After months of questioning President Donald Trump's temperament and fitness for office, Sen. Bob Corker, R-Tenn., announced Wednesday that he would convene a hearing to examine the president's authority to use nuclear weapons.
The announcement of the Nov.14 hearing before the Senate Foreign Relations Committee, which Corker chairs, amounts to a significant escalation of what has so far been a war of merely words between the powerful Republican and his party's standard-bearer.
"A number of members both on and off our committee have raised questions about the authorities of the legislative and executive branches with respect to war making, the use of nuclear weapons, and conducting foreign policy overall," Corker said in a statement Wednesday.
"This continues a series of hearings to examine those issues and will be the first time since 1976 that this committee or our House counterparts have looked specifically at the authority and process for using U.S. nuclear weapons. This discussion is long overdue, and we look forward to examining this critical issue," Corker said.
The announcement came less than a day after Trump delivered a combative speech aimed at North Korean leader Kim Jong-Un, in which the president called North Korea a "dark fantasy" and a "military cult." Speaking in South Korea, Trump accused the hermit kingdom of being founded on "a deranged belief in the leader's destiny to rule as parent-protector over a conquered Korean Peninsula and an enslaved Korean people."
Trump's insistence on engaging in brinkmanship with the nuclear-armed dictator has stunned many military and foreign policy professionals, who fear the president's ego could lead the country down a path to war.
Some of those professionals are scheduled to testify at Tuesday's hearing. One, Brian McKeon, is the former Acting Under Secretary for Policy at the Department of Defense under President Barack Obama, and a critic of Trump's approach to nuclear-armed North Korea.
Another witness is retired Air Force General Robert Kehler, a former commander of the U.S. Strategic Command and an expert in nuclear weapons and the capabilities of America's nuclear arsenal.
The third witness is Peter Feaver, a former director for Defense Policy and Arms Control at the National Security Council during the George W. Bush administration. In 2016, Feaver was one of nearly 50 Republican national security officials who signed a letter opposing Trump's candidacy for president. Since then, Feaver has made no secret of the fact that he views Trump as a potential threat to national security.
"In a crisis, for instance with a nuclear-armed North Korea, Trump's temperament could be problematic and could lead to dangerous escalation, whereas another President with better self-control might be able to manage it more safely," Feaver told the Duke University Chronicle in August of last year.
A White House spokesman did not immediately respond late Wednesday to a request for comment on the hearing.
Feaver's view is one that Corker has expressed repeatedly, not least when he called the White House "an adult day care center" last month in response to attacks from Trump.
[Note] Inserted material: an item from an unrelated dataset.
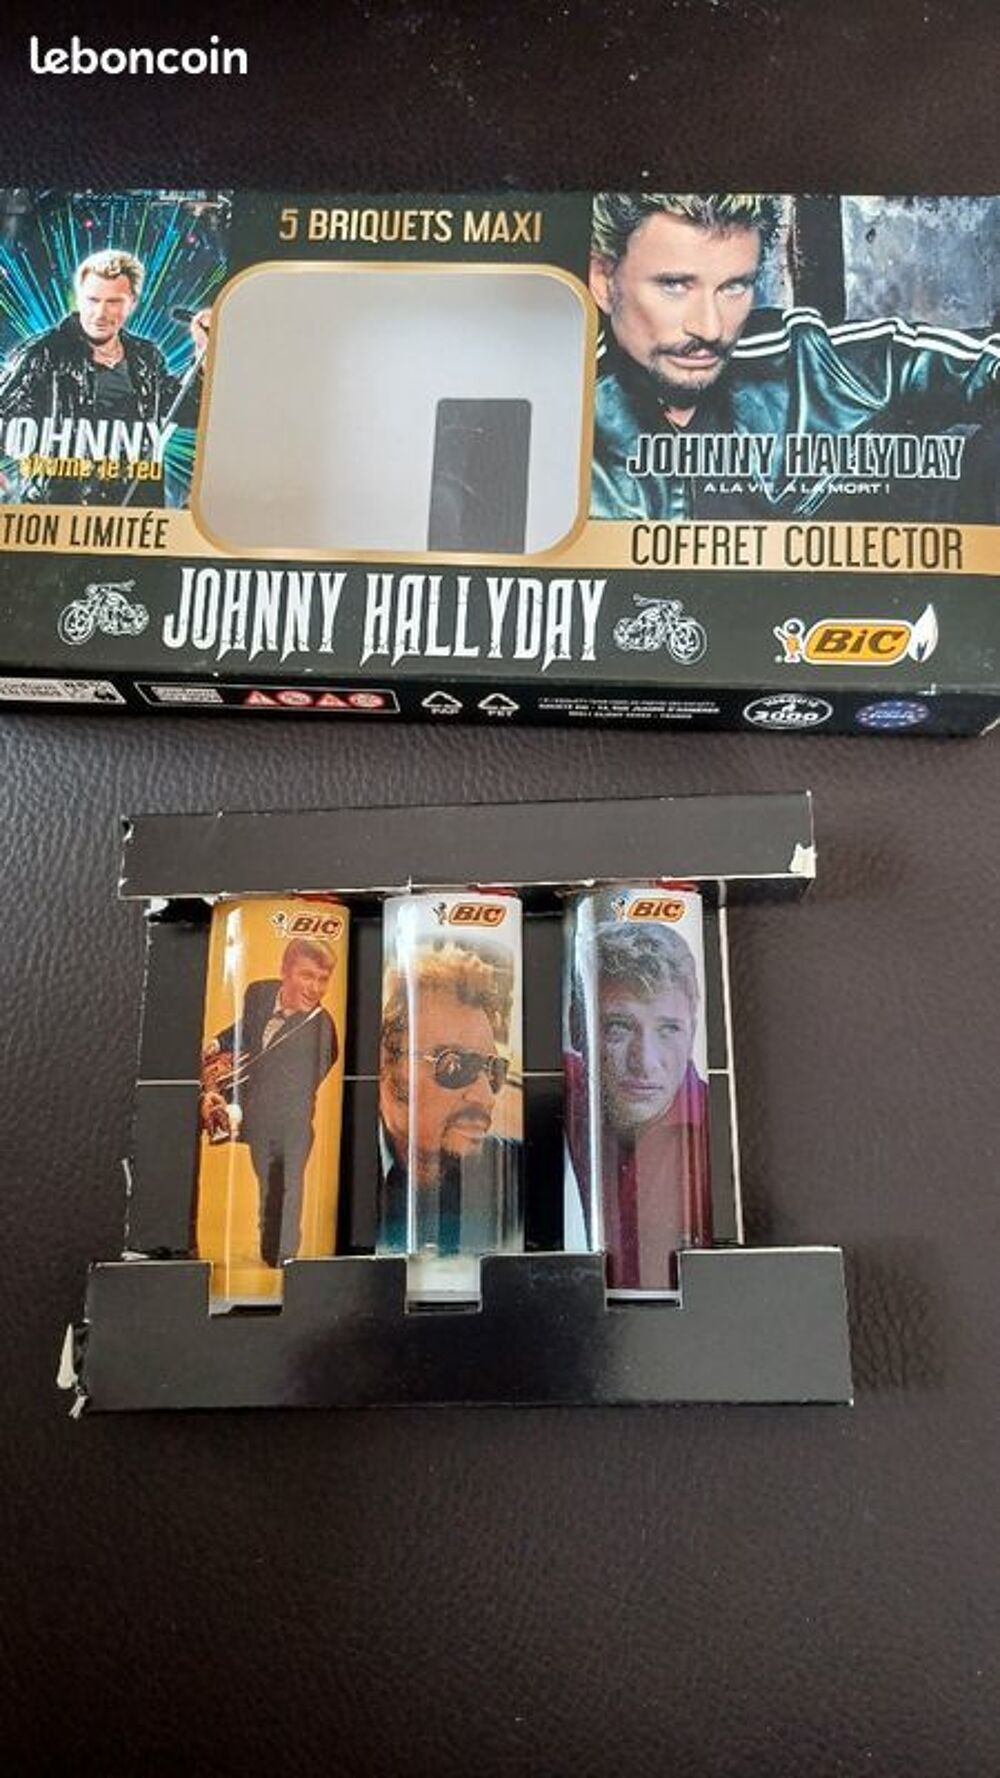 
3 briquets Bic neuf Johnny Hallyday neuf

Trump first began targeting Corker in August, after the senator criticized Trump's response to a deadly white supremacist march in Charlottesville, Va.
"The president has not yet been able to demonstrate the stability nor some of the competence that he needs to demonstrate in order to be successful," Corker told Chattanooga website Nooga.com.
The Tuesday hearing is scheduled to being shortly after 10:00 a.m. ET.